Without the pictures, retype each line below exactly as it stands.

Data below.

+---+

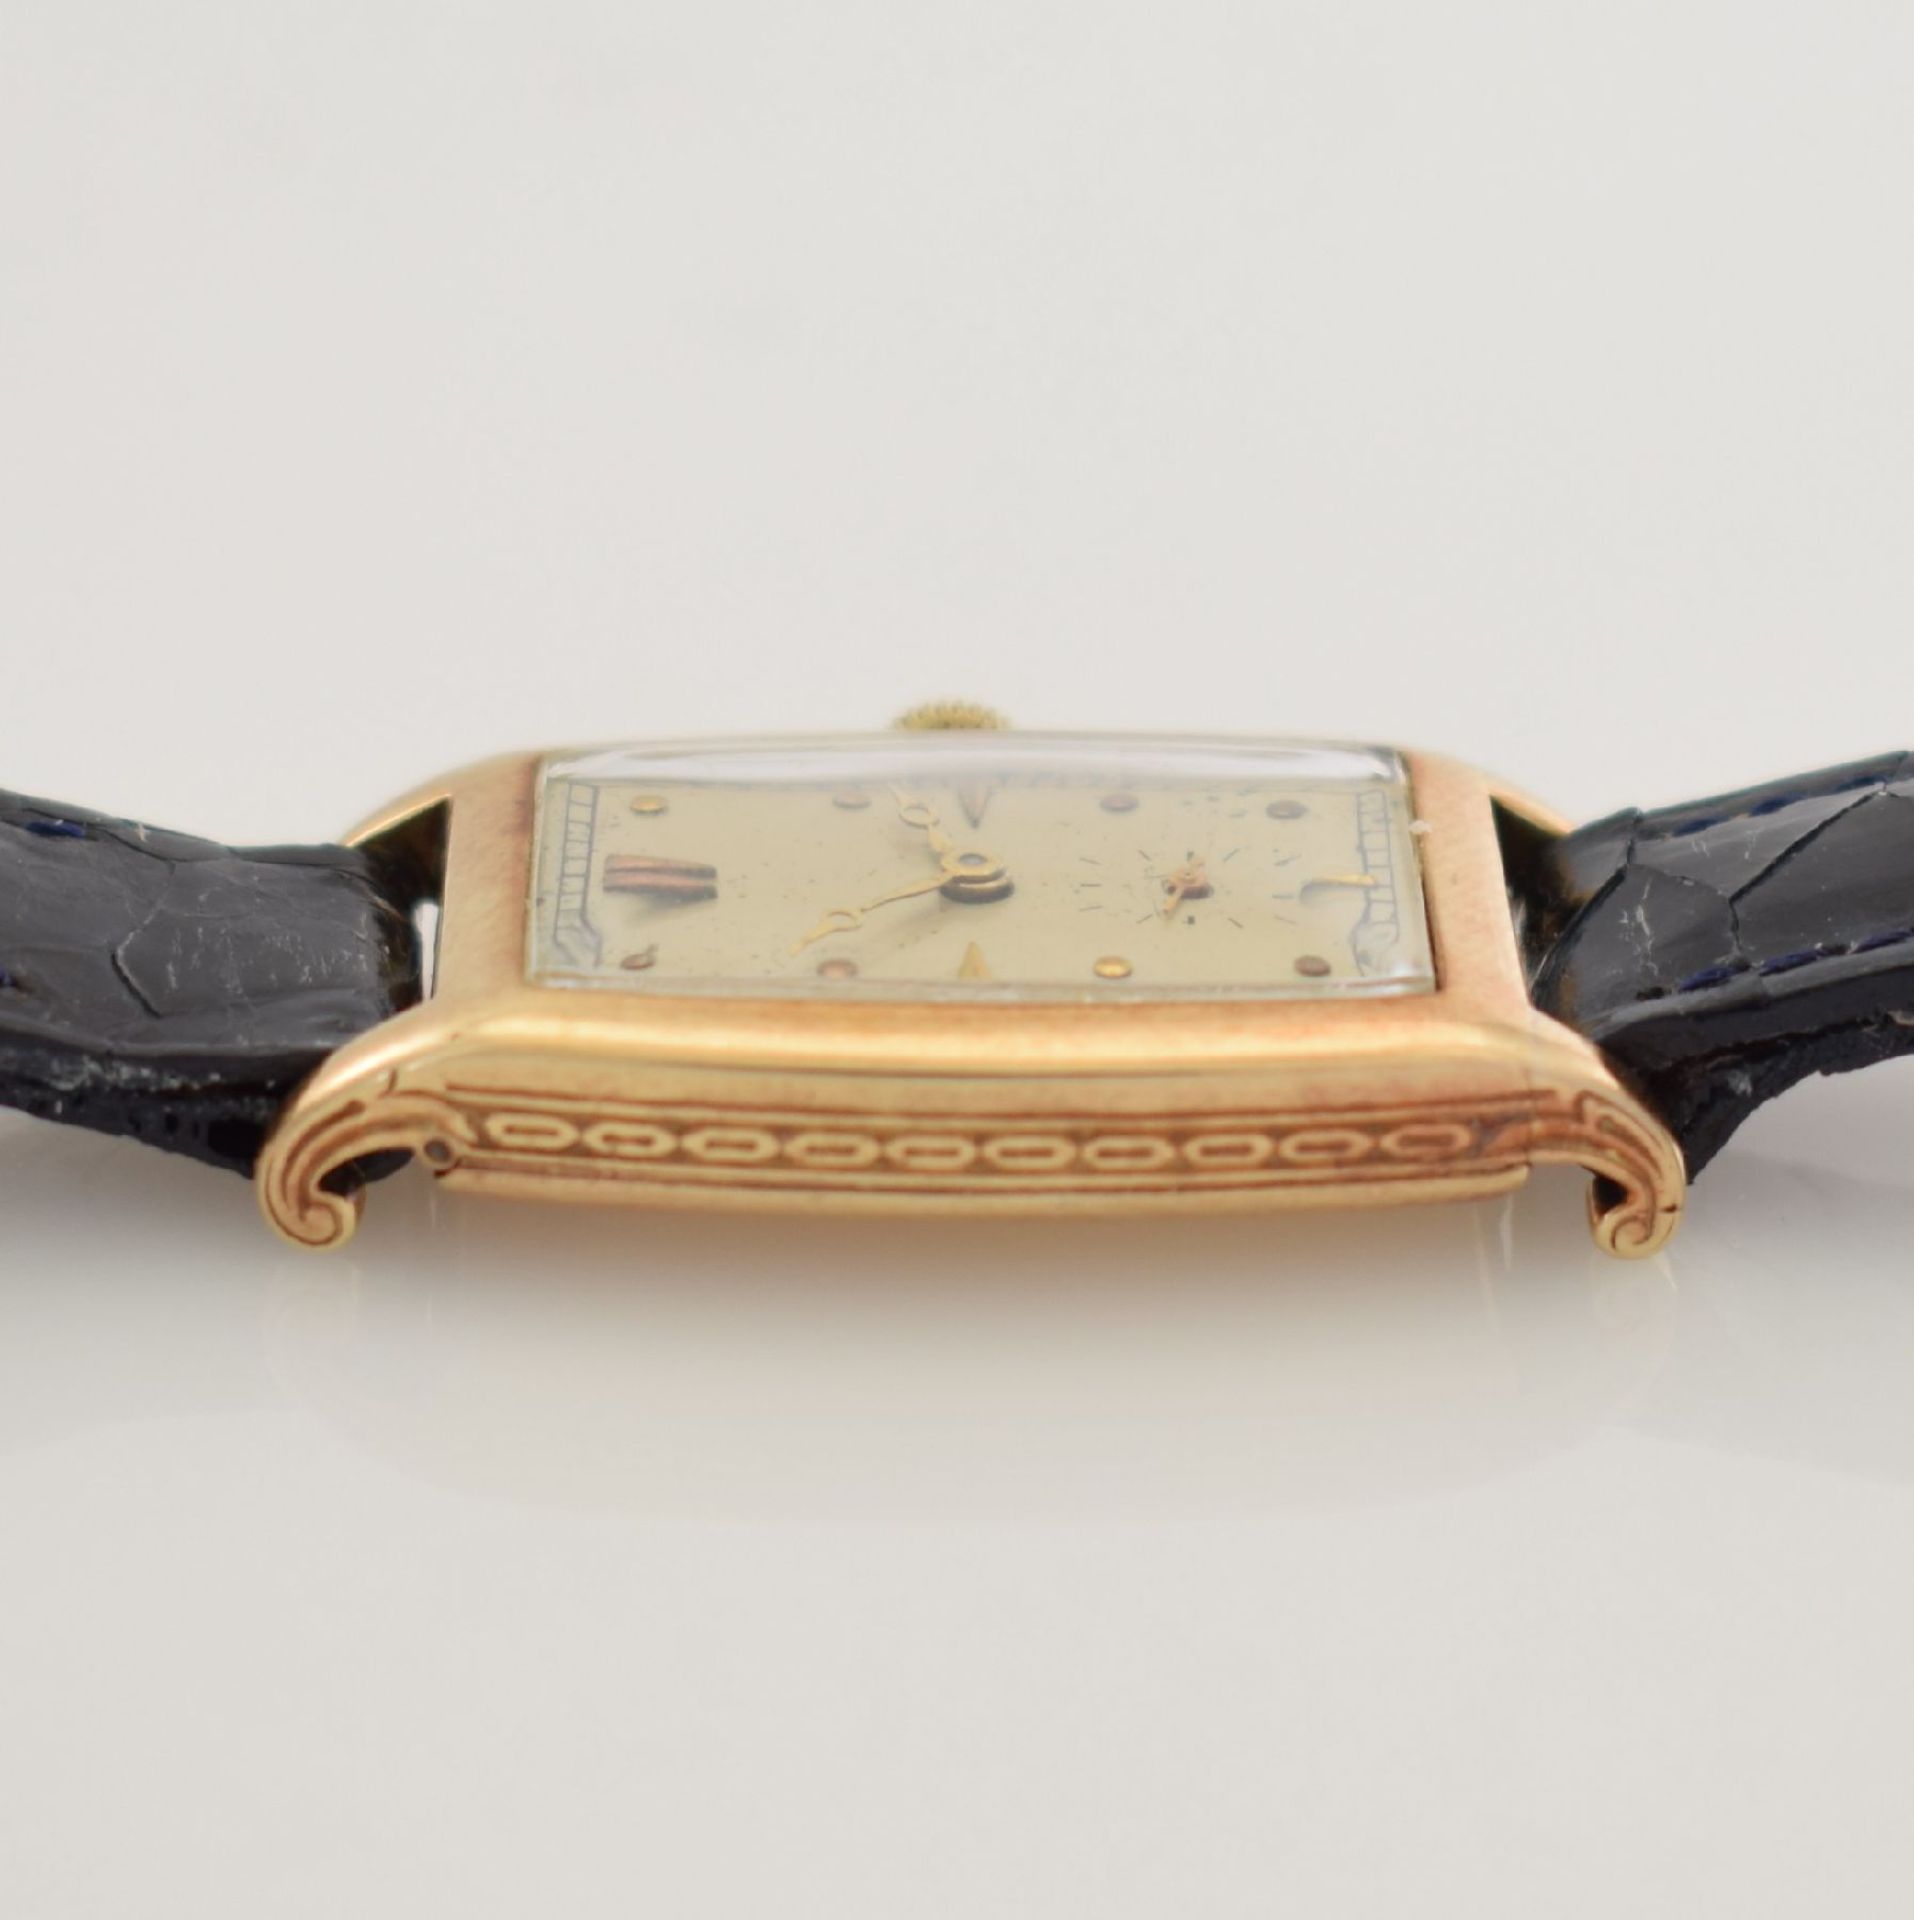 IWC seltene tonneau-förmige Armbanduhr in GG 585/000, Schweiz um 1924, Scharniergeh. m. seitl. - Bild 8 aus 11
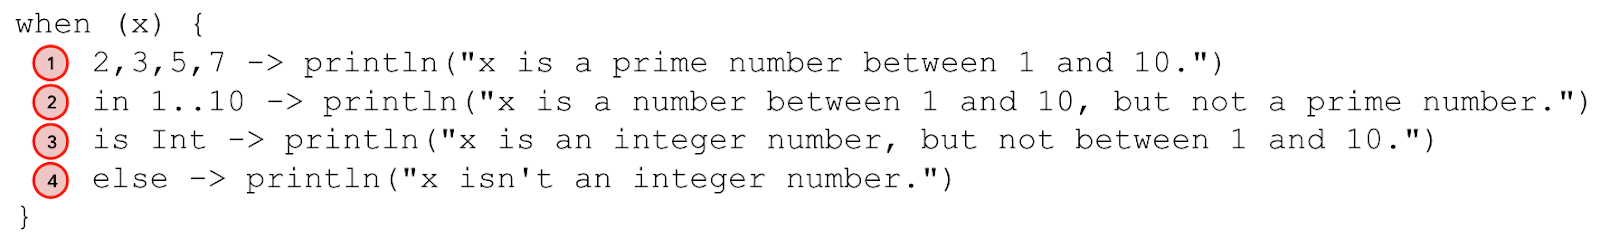 Diagram yang menganotasi pernyataan when. Baris 2,3,5,7 -> println(&quot;x is a prime number between 1 and 10.&quot;) dianotasi sebagai kasus 1. Baris in 1..10 -> println(&quot;x is a number between 1 and 10, but not a prime number.&quot;) dianotasi sebagai kasus 2. Baris is Int -> println(&quot;x is an integer number, but not between 1 and 10.&quot;) dianotasi sebagai kasus 3. Baris else -> println(&quot;x isn&#39;t an integer number.&quot;) dianotasi sebagai kasus 4. 
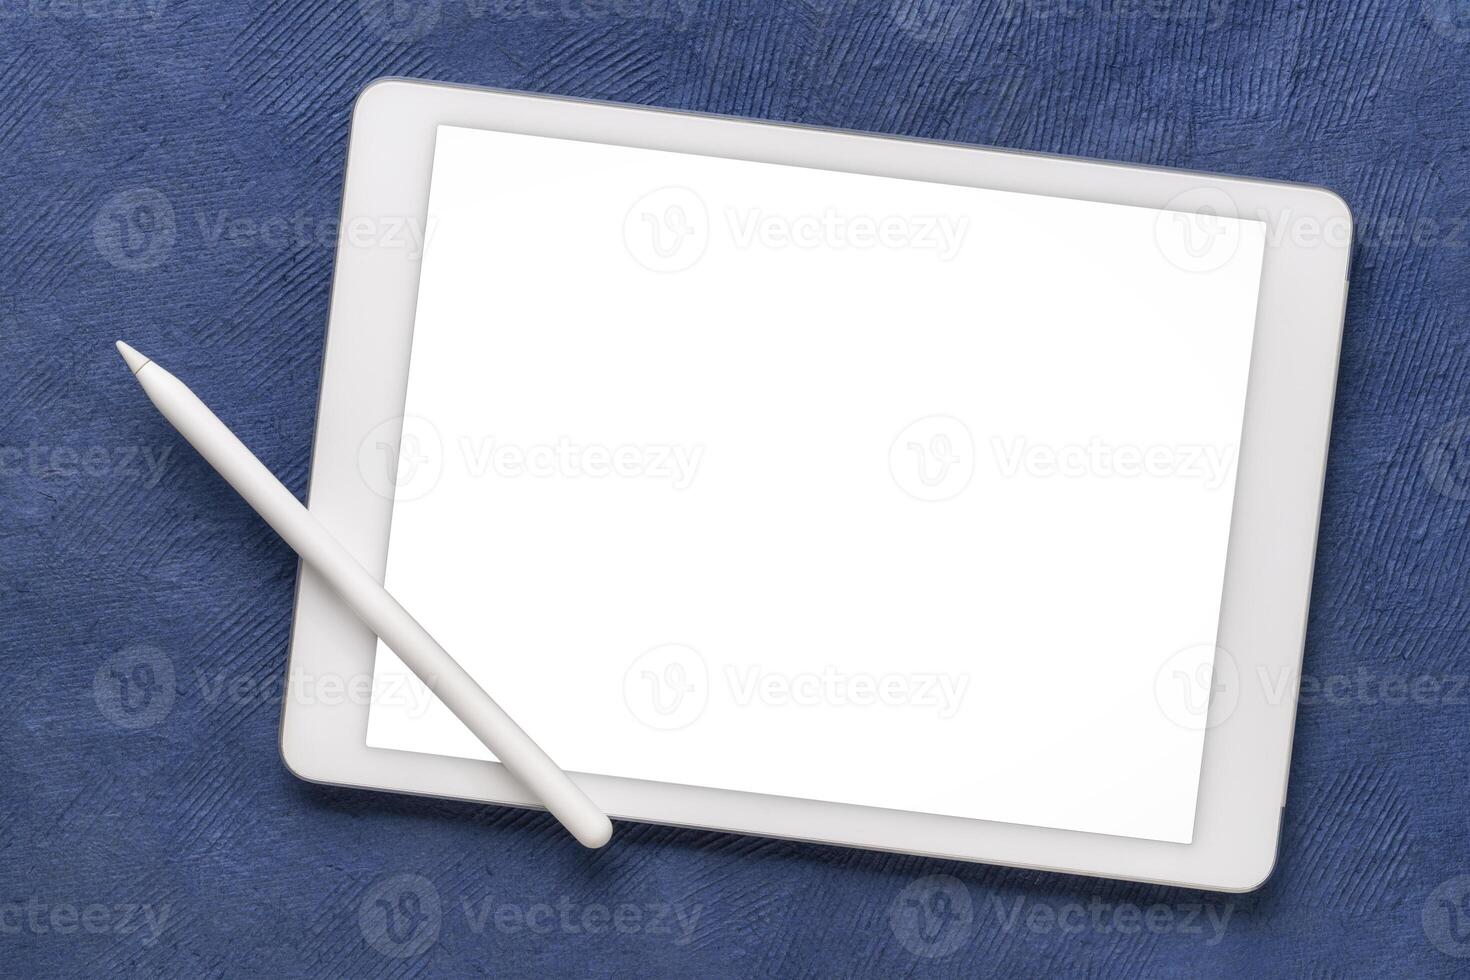 brincar do digital tábua com eletrônico lápis e uma em branco isolado tela, recorte caminho incluído, contra uma azul texturizado arte papel foto

+---+

Reply.
 IWC seltene tonneau-förmige Armbanduhr in GG 585/000, Schweiz um 1924, Scharniergeh. m. seitl. - Bild 8 aus 11
 Diagram yang menganotasi pernyataan when. Baris 2,3,5,7 -> println(&quot;x is a prime number between 1 and 10.&quot;) dianotasi sebagai kasus 1. Baris in 1..10 -> println(&quot;x is a number between 1 and 10, but not a prime number.&quot;) dianotasi sebagai kasus 2. Baris is Int -> println(&quot;x is an integer number, but not between 1 and 10.&quot;) dianotasi sebagai kasus 3. Baris else -> println(&quot;x isn&#39;t an integer number.&quot;) dianotasi sebagai kasus 4. 
 brincar do digital tábua com eletrônico lápis e uma em branco isolado tela, recorte caminho incluído, contra uma azul texturizado arte papel foto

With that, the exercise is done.